When the economy is thriving, that’s a good thing. When it’s not, trucking is often a victim.

“Whatever the state of the Ontario economy, or sectors within that economy, it will be reflected in the business levels of the trucking industry,” Bradley said.

“The impact of the appreciation in the value of the Canadian dollar, combined with slowing US economic activity and the resultant impact on Ontario’s manufacturing and export-based economy will continue to exert a drag on freight volumes and create challenges for motor carriers in 2008.”

“There is an overcapacity of supply of trucking service, certainly in the general freight sector, and until that situation is resolved, either through improvement in the amount of freight being generated by the economy, or through industry attrition and rationalization it will continue to be tough sledding,” he said.

In order to deal with the capacity gap, Bradley expects carriers to employ a number of strategies.

He foresees further merger and acquisition activity in the year ahead.

Carriers will continue to hold off investing in tractors and trailers and will try to reduce their fleet sizes to reflect volumes in order to get utilization rates up. There will inevitably be layoffs and some business failures, he says.

“Some will take measures to address the capacity situation voluntarily, others will be forced into it,” he says.

“Continuing to chase freight that doesn’t pay just to keep trucks rolling is not sustainable. Carriers can act quickly to address their fleet size.”

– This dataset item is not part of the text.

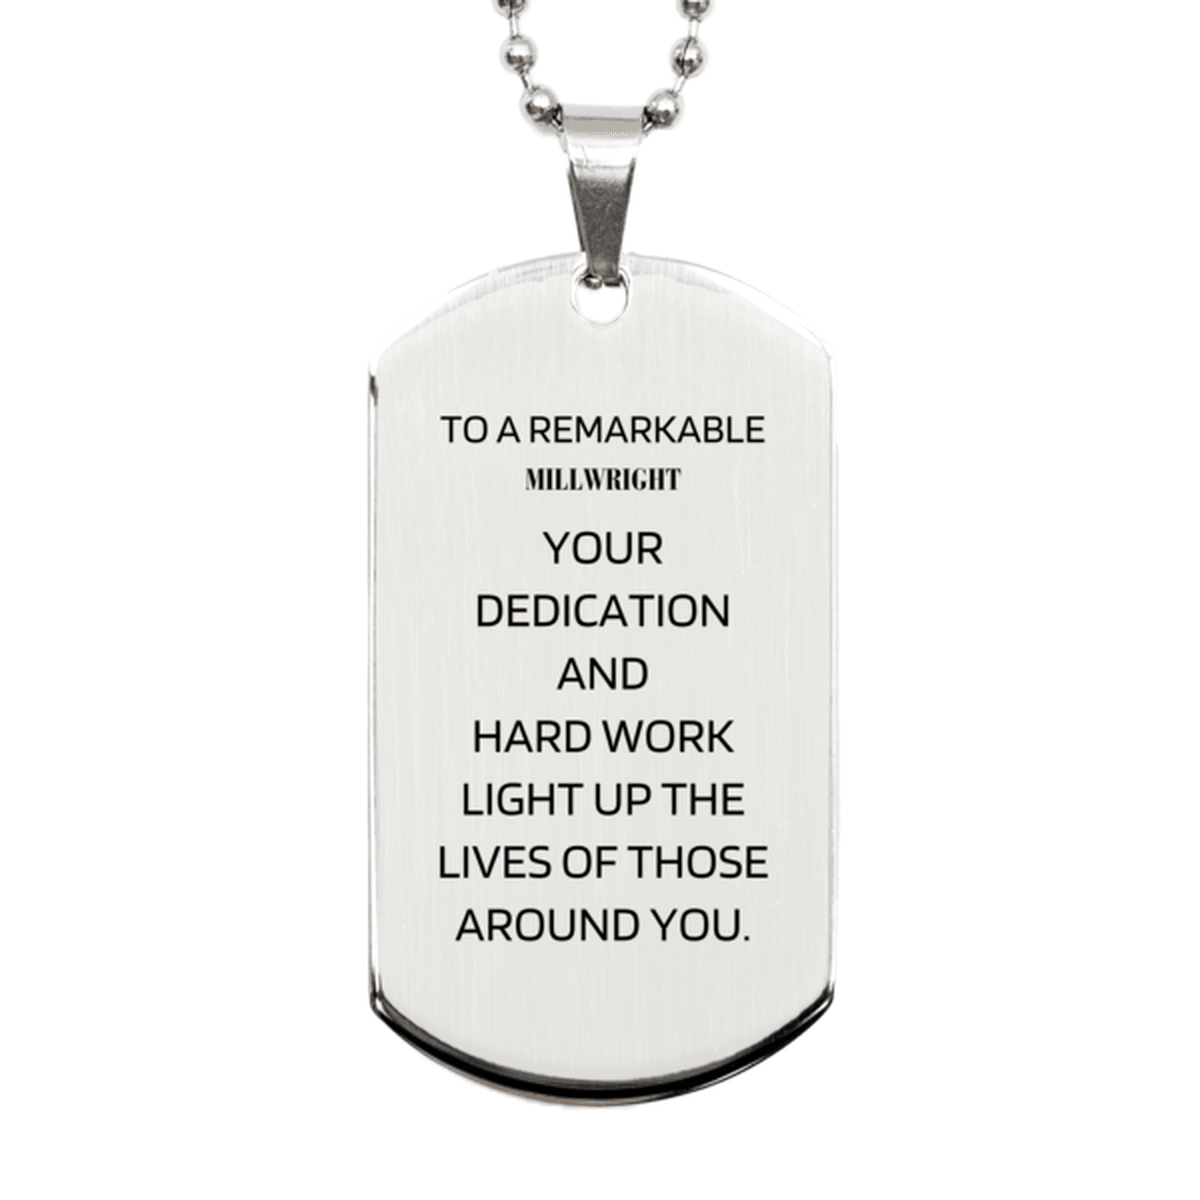 Remarkable Millwright Gifts, Your dedication and hard work, Inspirational Birthday Christmas Unique Silver Dog Tag For Millwright, Coworkers, Men, Women, Friends - Mallard Moon Gift Shop

Bradley says shippers should not expect the current soft rate environment to last.

“Carriers are battening down the hatches on costs, but the outlook for fuel prices suggests a tough winter is in store and eventually equipment needs to be replaced. There has to be a margin to pay for this. Moreover, the demographics of the driver population point to a worsening of the driver shortage problem which will eventually have a significant impact on capacity.”

Those that either don’t have the kind of freight that lends itself to building ongoing relationships with carriers or who choose to go to the market for each shipment in hopes of driving rates down may find themselves scrambling to get service, Bradley reminded attendees at the event.

However, Bradley cautions: “When a turnaround will occur and how strong and broad-based it will be depends not only on what carriers do to address the capacity softness, but what is done now by Canadian governments and the Central Bank to bring the Canadian dollar back down to earth and to ensure that Ontario businesses – including truckers – are competitive.

“Canada’s improving national debt situation and the fact that our federal financial situation has gone from deficits to surpluses, should provide us with a fiscal dividend; including additional flexibility on interest rates. The Bank of Canada should act now to lower interest rates to bring about a moderation in the value of the dollar.”

But, he also sees a role for government.

“It’s time that the Government of Ontario addressed some key long-standing issues like the taxation of business inputs by harmonizing the provincial sales tax and the Multi-Jurisdictional Vehicle Tax with the federal Goods and Services Tax.”

And, he says, “The federal government and the province have got to get on with the job of building a second crossing at Windsor and find a way to talk to our major trading partner about restoring sanity to the border.”

Bradley says there will always be a need for trucks and the industry will remain the dominant mode of freight transportation, though the players may change over time.

However, he cautions, “The current problems in the trucking sector are indicative of larger problems in the Ontario economy.”